You are viewing a plain text version of this content. The canonical link for it is here.

Posted to user@flink.apache.org by Chengzhi Zhao <w....@gmail.com> on 2018/02/26 23:07:27 UTC

Suggested way to backfill for datastream

Hey, flink community,

I have a question on backfill data and want to get some ideas on how people
think.

I have a stream of data using BucketingSink to S3 then to Redshift. If
something changed with the logic in flink and I need to backfill some
dates, for example, we are streaming data for today but also need to
backfill the data for 02/01/2018 - 02/10/2018.

What's the suggested way to implement it?

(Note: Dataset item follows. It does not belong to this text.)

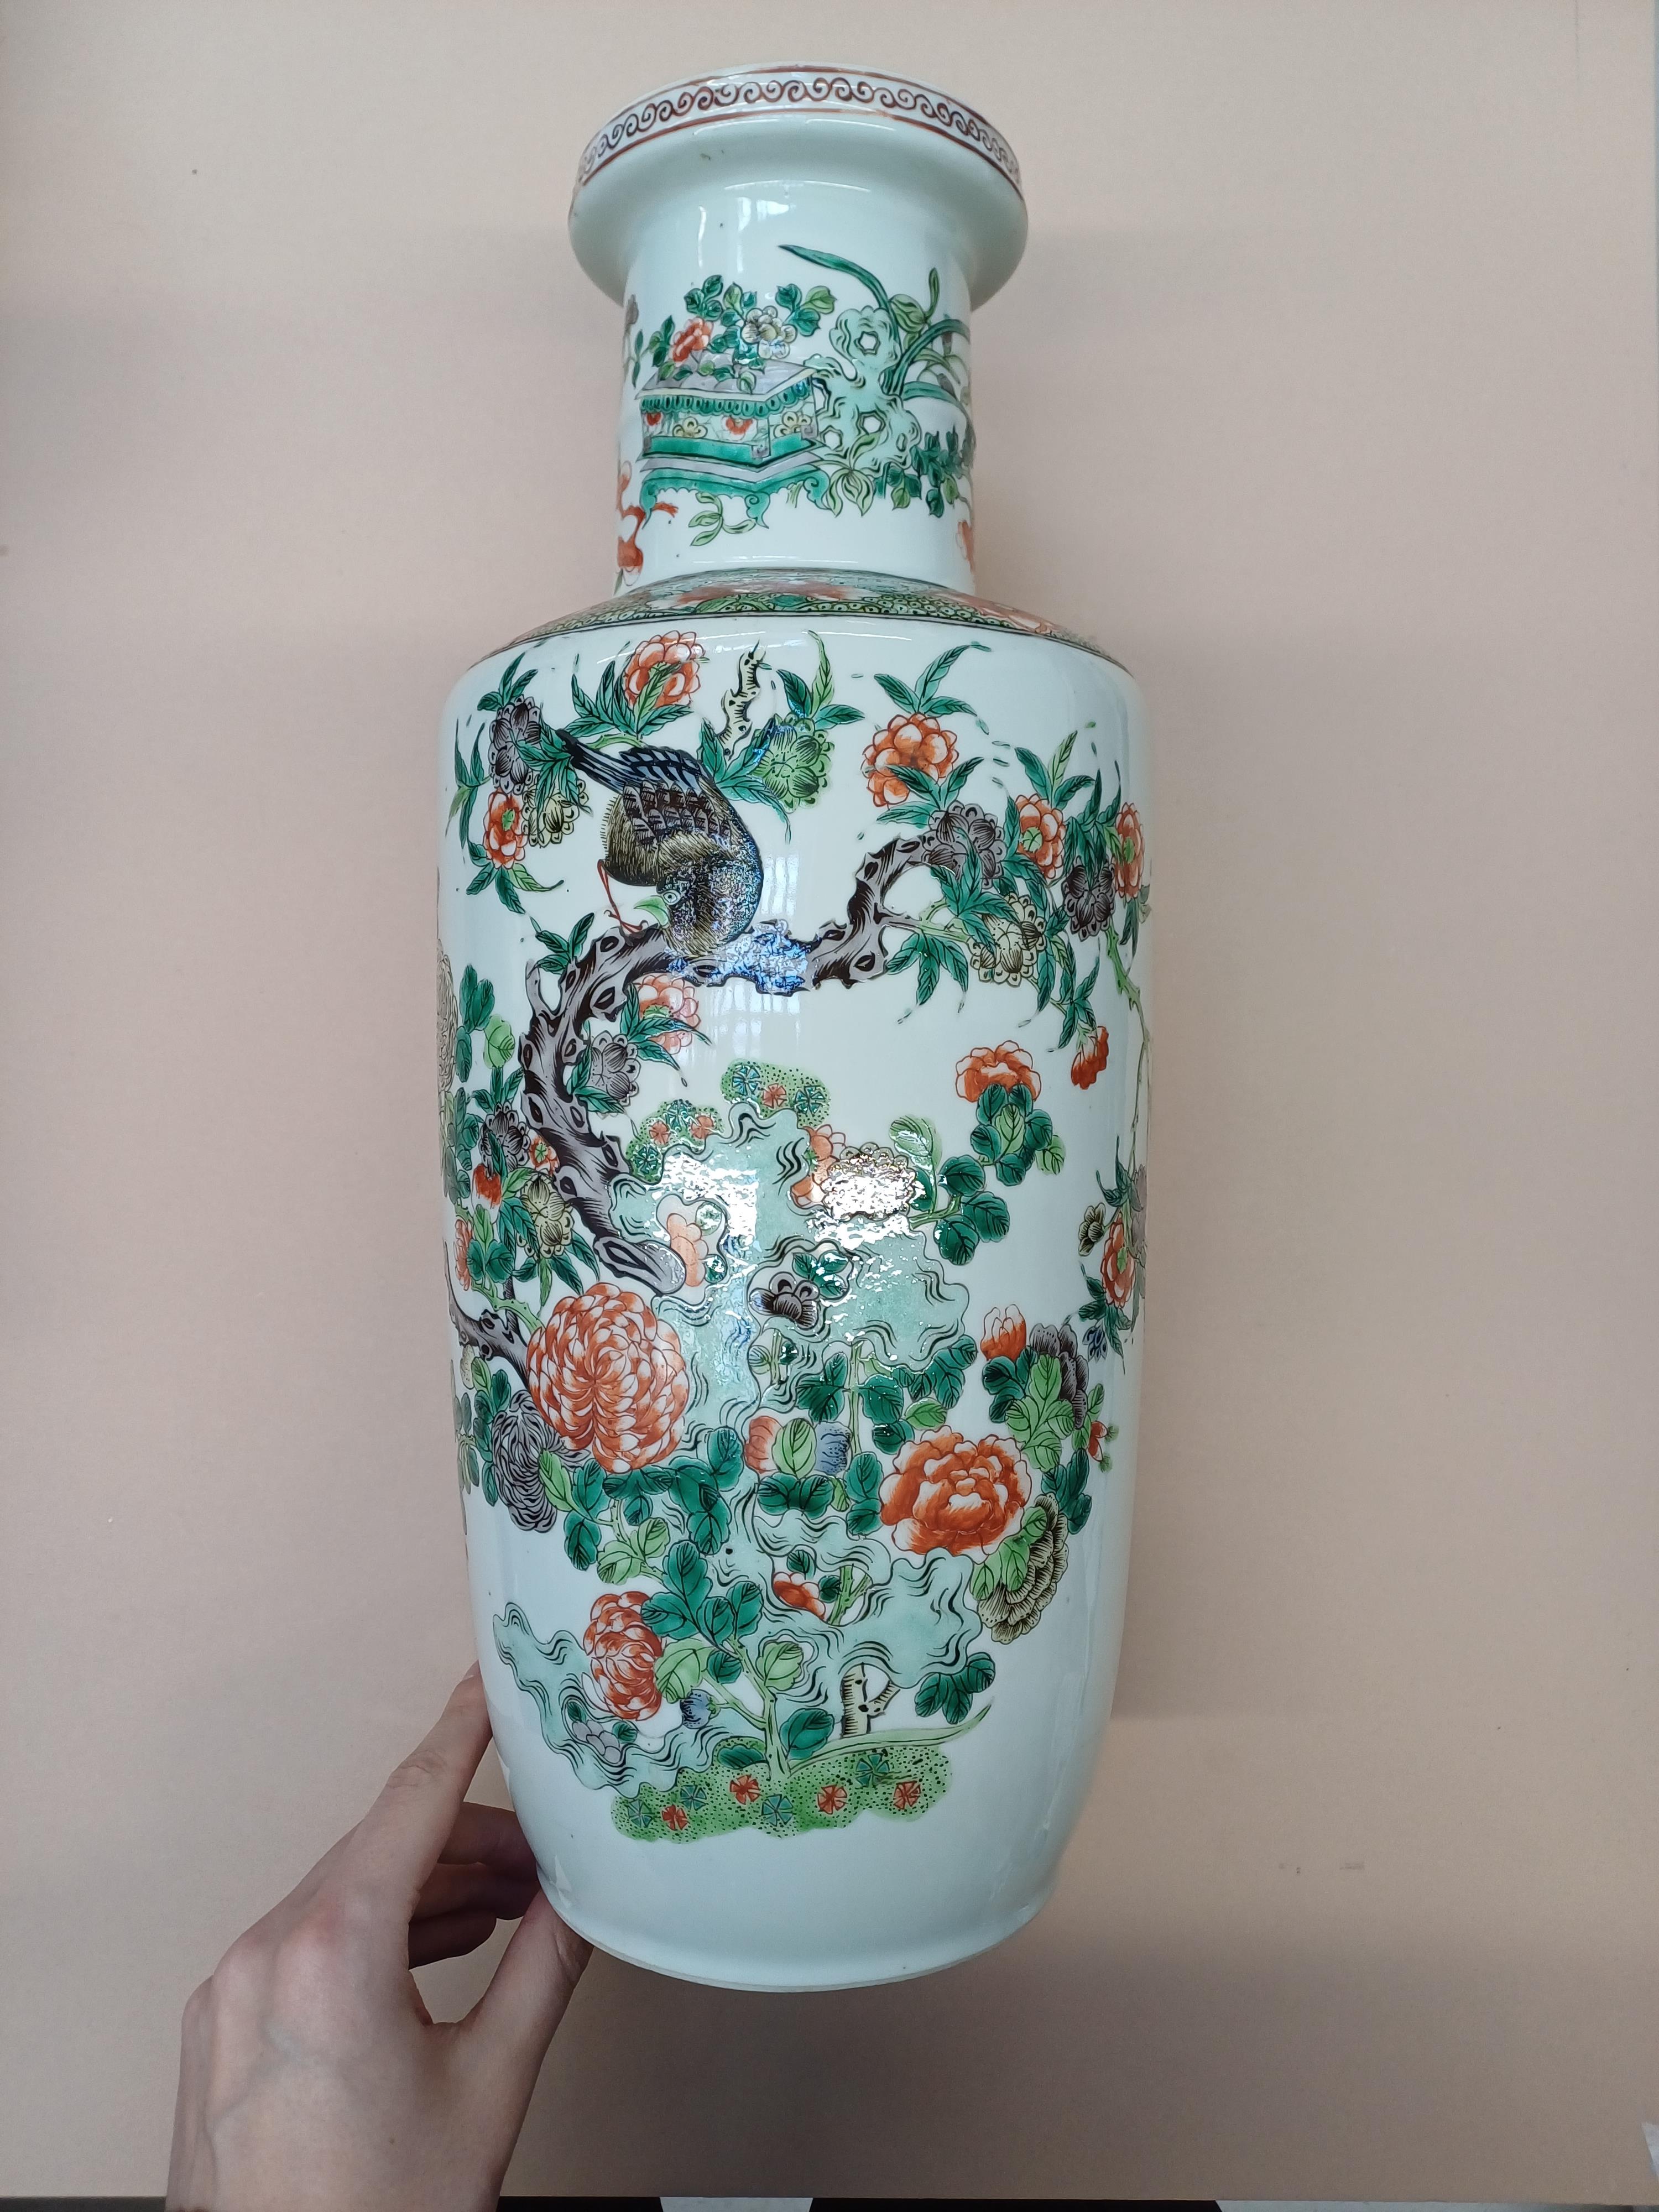 A PAIR OF FINE CHINESE FAMILLE-VERTE ‘BIRD AND BLOSSOM’ VASES 清康熙 五彩花鳥圖紋瓶一對 - Image 9 of 16

Should I have a separated process
to backfill the data then close it?

Thanks,
Chengzhi

Re: Suggested way to backfill for datastream

Posted by "Tzu-Li (Gordon) Tai" <tz...@apache.org>.

Hi Chengzhi,

Yes, generally speaking, you would launch a separated job to do the backfilling, and then shut down the job after the backfilling is completed.
For this to work, you’ll also have to keep in mind that writes to the external sink must be idempotent.

Are you using Kafka as the data source?

If yes, then in Flink 1.5.0 we will be supporting specifying the startup position for the Flink Kafka Consumer using a specific timestamp.
You will not, however, be able to set an ending timestamp for the consumption. Therefore, what you could do, is to monitor whether or not the backfilling job has reached the head of the stream, and then close it.

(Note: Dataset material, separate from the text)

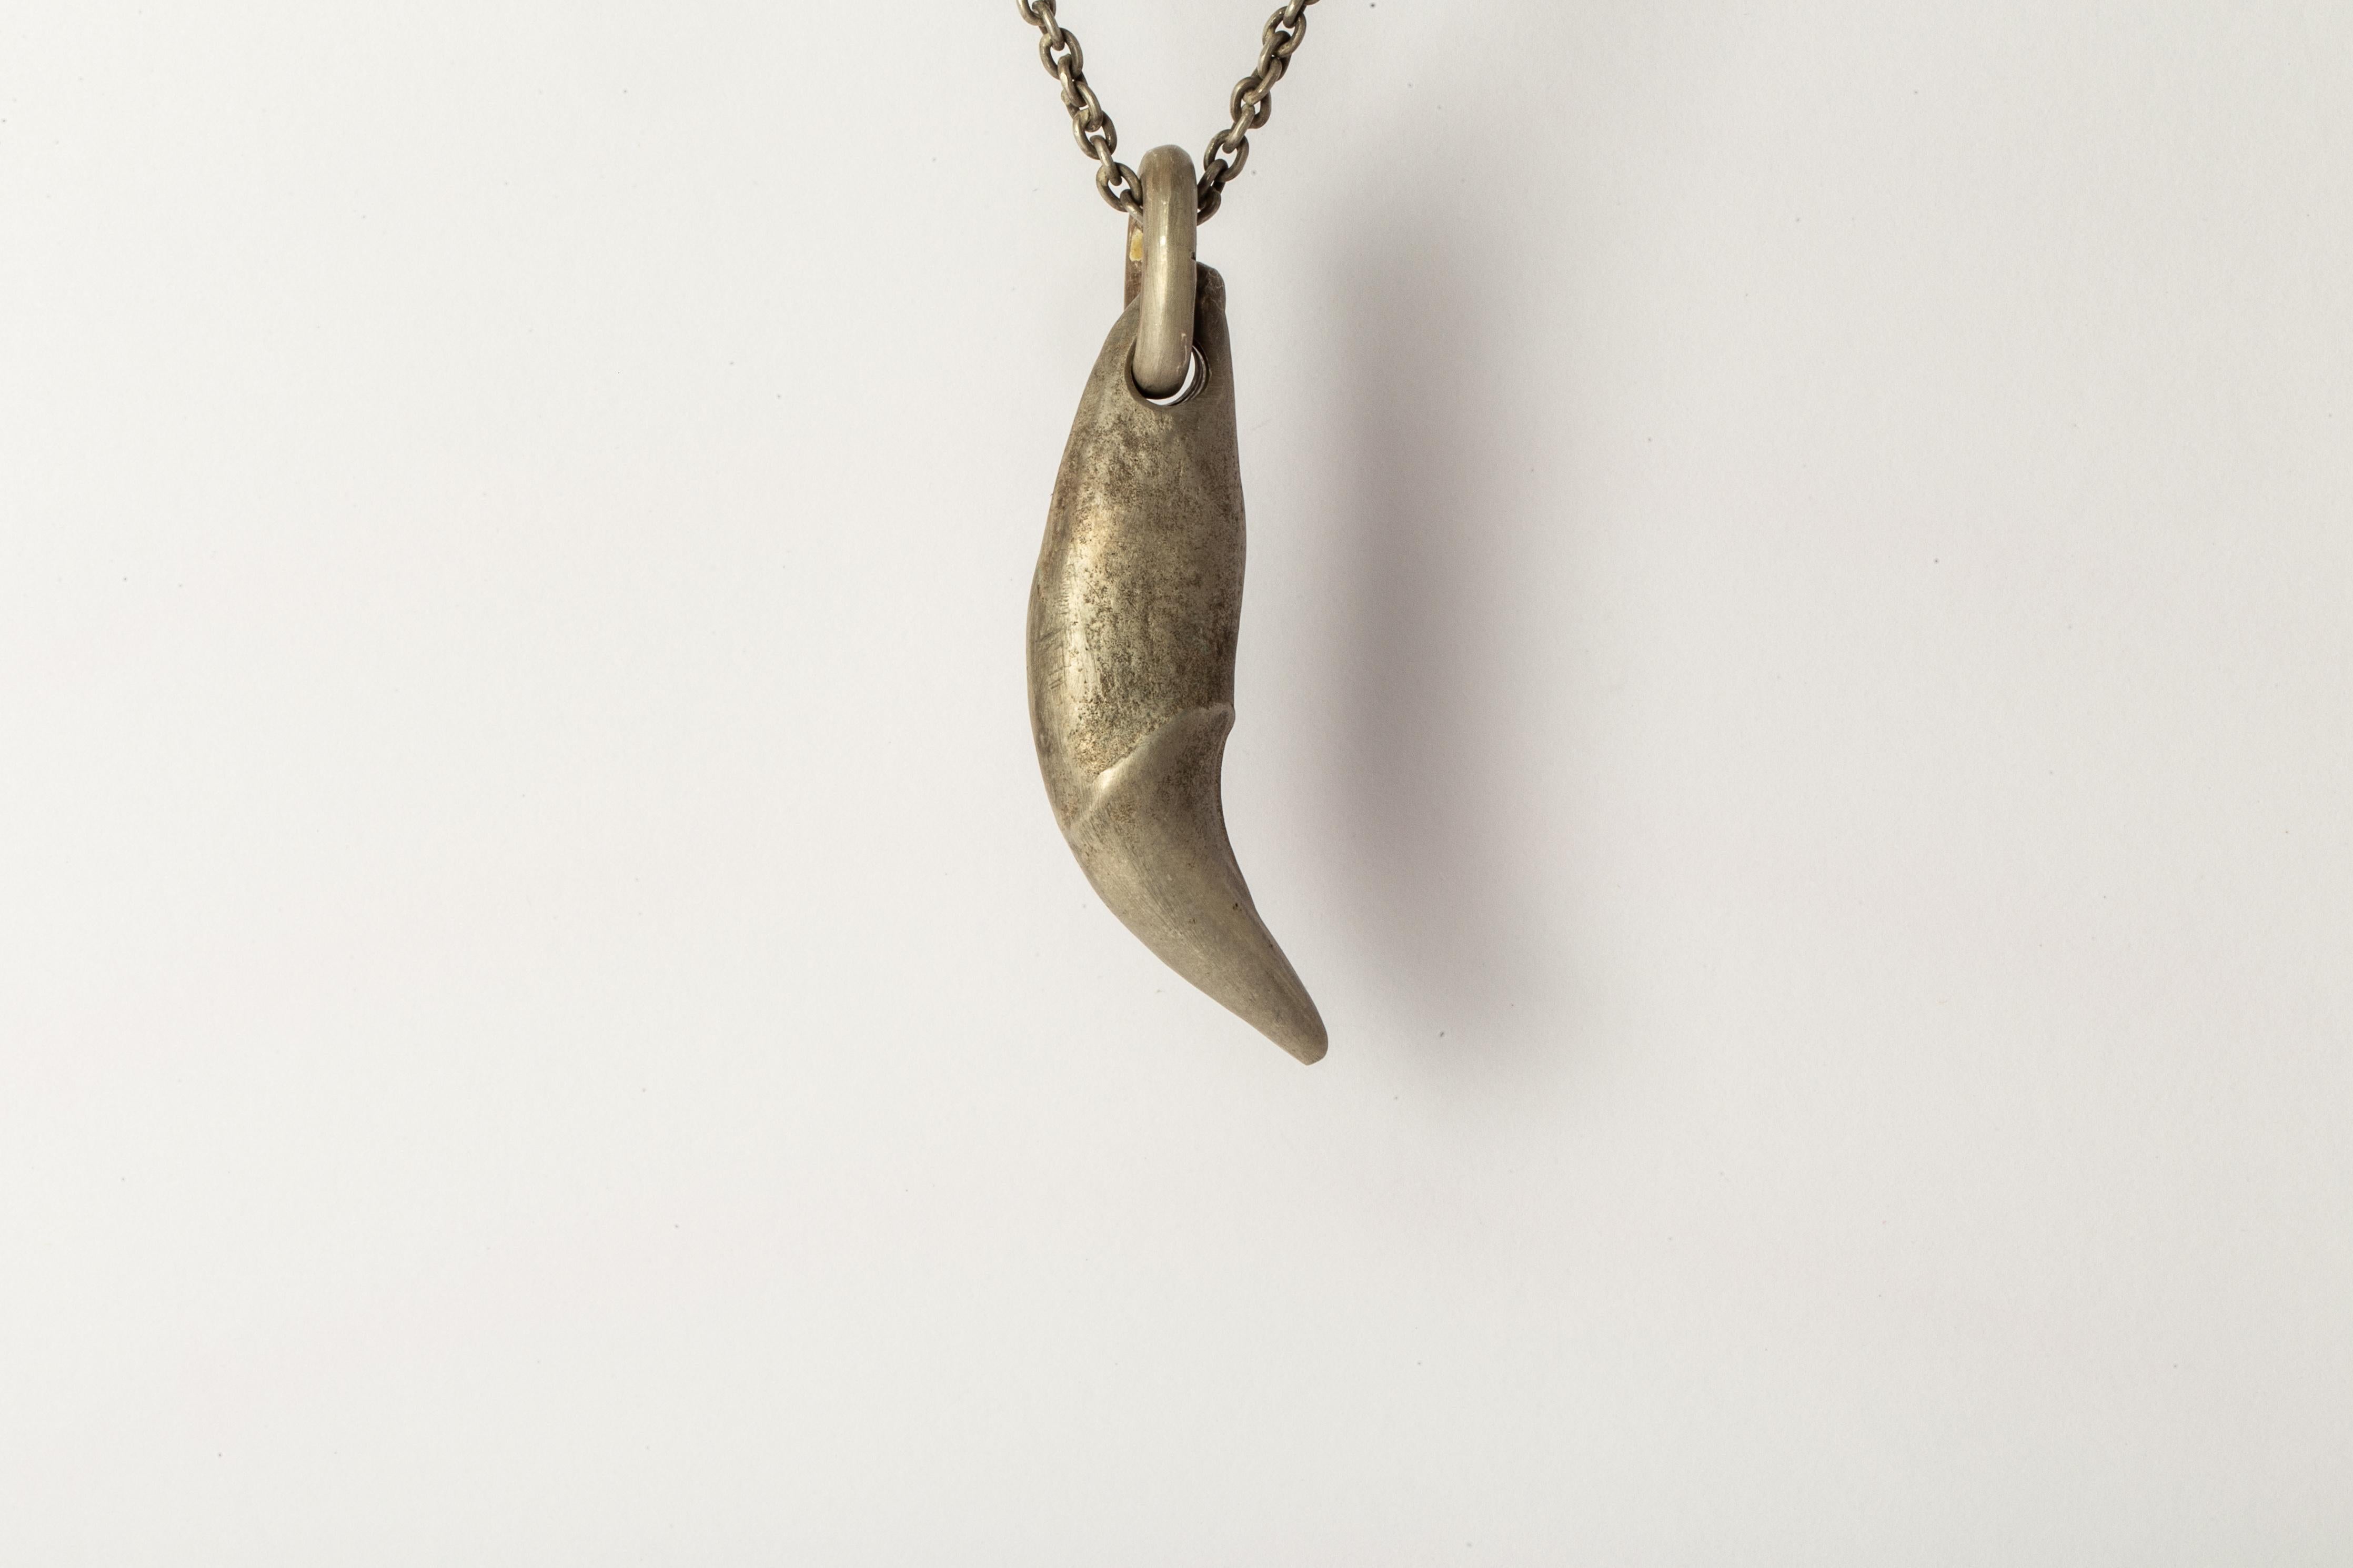 Bear Tooth Necklace Ghost (Small, DA) In New Condition For Sale In Hong Kong, Hong Kong Island

If you are using Kinesis as the data source, then the Flink Kinesis connector already supports startup using timestamps (but again, cannot specify an ending timestamp).

I have been thinking about allowing users to set a set of ending partition offsets / ending timestamp so that when using the Kinesis / Kafka consumer it is easier to consume only a static set of data.
This might have been useful in your case, but as of now this isn’t on the roadmap yet.

Cheers,
Gordon

On 27 February 2018 at 7:07:37 AM, Chengzhi Zhao (w.zhaochengzhi@gmail.com) wrote:

Hey, flink community,

I have a question on backfill data and want to get some ideas on how people think.

I have a stream of data using BucketingSink to S3 then to Redshift. If something changed with the logic in flink and I need to backfill some dates, for example, we are streaming data for today but also need to backfill the data for 02/01/2018 - 02/10/2018.

What's the suggested way to implement it? Should I have a separated process to backfill the data then close it?

Thanks,
Chengzhi